SENEGAL : AFFAIRE OUSMANE SONKO : Les mains « Sall » de Macky Sall




“ Beaucoup entendent te traiter de façon indigne tout en exigeant de toi, sous peine de leur haine, assez de sens pour ne pas les en empêcher et assez d’aveuglement pour ignorer leur propre indignité » Giacomo, comte de Leopardi.

      Cette citation d’une figure incontournable de la littérature italienne, illustre, à bien des égards, la position de l’opposant sénégalais Ousmane Sonko, dans le feuilleton politico-judiciaire qui tient en haleine le Sénégal depuis bientôt un mois.

      Une lecture qui se veut objective de la situation ne peut se limiter, à l’appel à la résistance fait le jeudi 25 février 2021 par le président Ousmane Sonko, mais renvoie une nécessaire contextualisation. De prime abord, cela pourrait paraitre, pour l’observateur non imprégné du dossier et des pratiques du régime de Macky Sall, comme une défiance par rapport à la justice sénégalaise ; il n’en est rien, il s’agit plutôt ici du rejet d’une certaine justice sénégalaise, pas celle-ci dans son ensemble.
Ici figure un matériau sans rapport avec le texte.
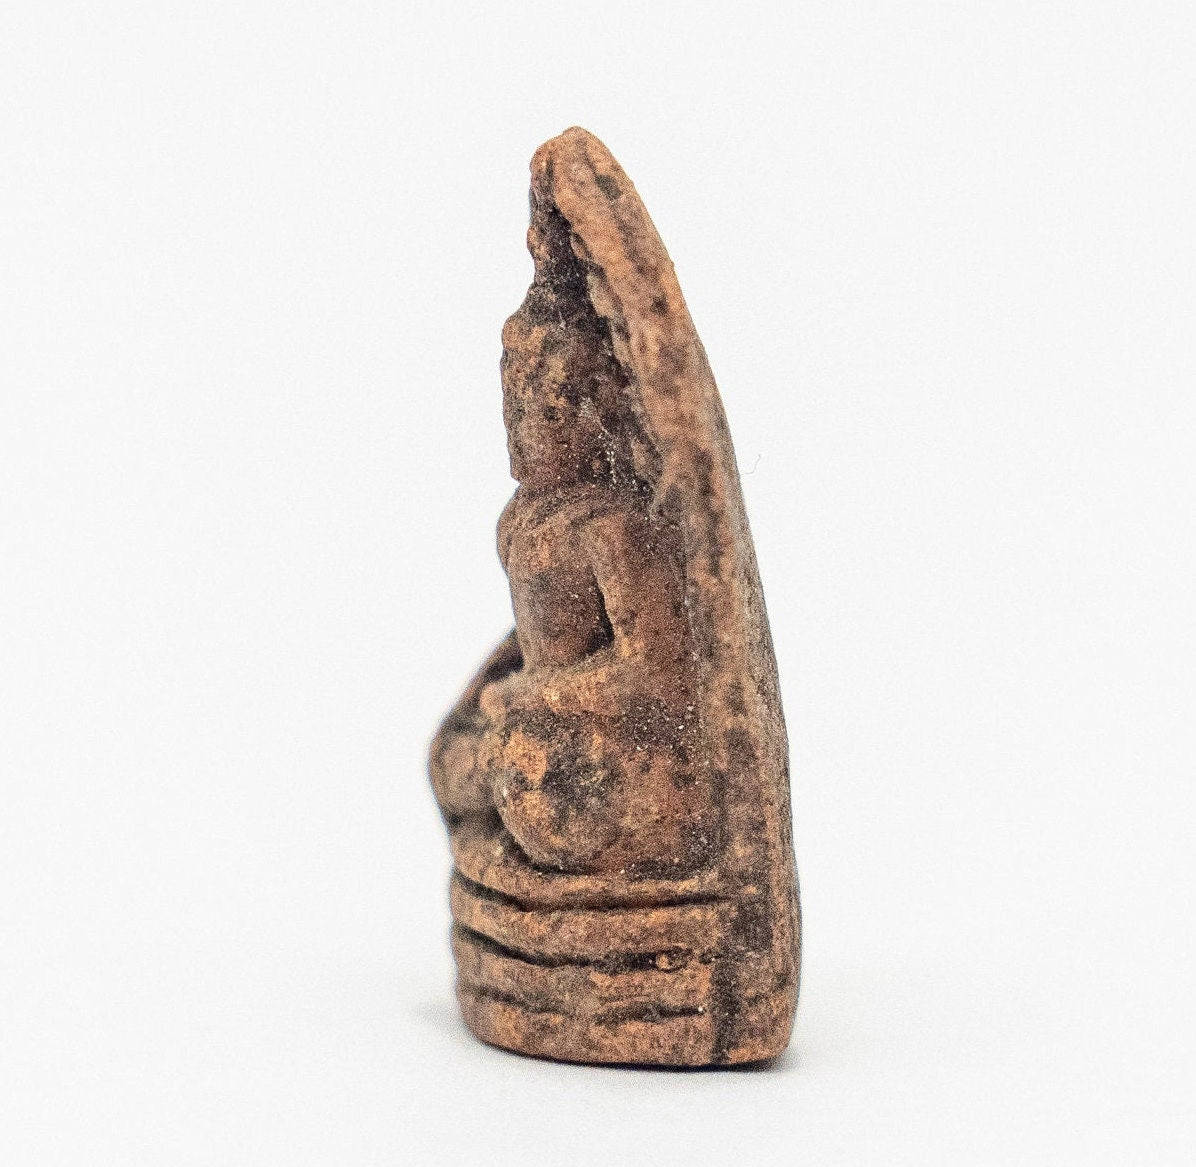 Authentic Ancient Thai Buddhist Amulet - Lamphun Region - Religious Amulet Buddhist Antique - Clay - 800 to 1200 Years Old - Thailand

       Beaucoup d’énergie a été déployée ces dernières semaines pour faire de cette affaire, une simple affaire de mœurs entre 2 citoyens sénégalais. Ouvrons une parenthèse ! c’est dans ce sens qu’un certain Amadou Bal Ba, dans un souci manifeste de désinformation, a poussé l’indignité jusqu’à recycler ici sur ce club de Mediapart, des images « border lines », qui n’ont rien à voir avoir le salon de massage dans lequel travaille la plaignante et que la presse sénégalaise a fini de démontrer l’origine. Il s’est aussi embourbé dans une défense maladroite du concept de «Neddo Ko Bandoum», qu’il présente comme particulièrement noble et finir par présenter Macky Sall comme une victime de racisme de par son appartenance ethnique, doit-on en rire ou en pleurer. Parenthèse fermée !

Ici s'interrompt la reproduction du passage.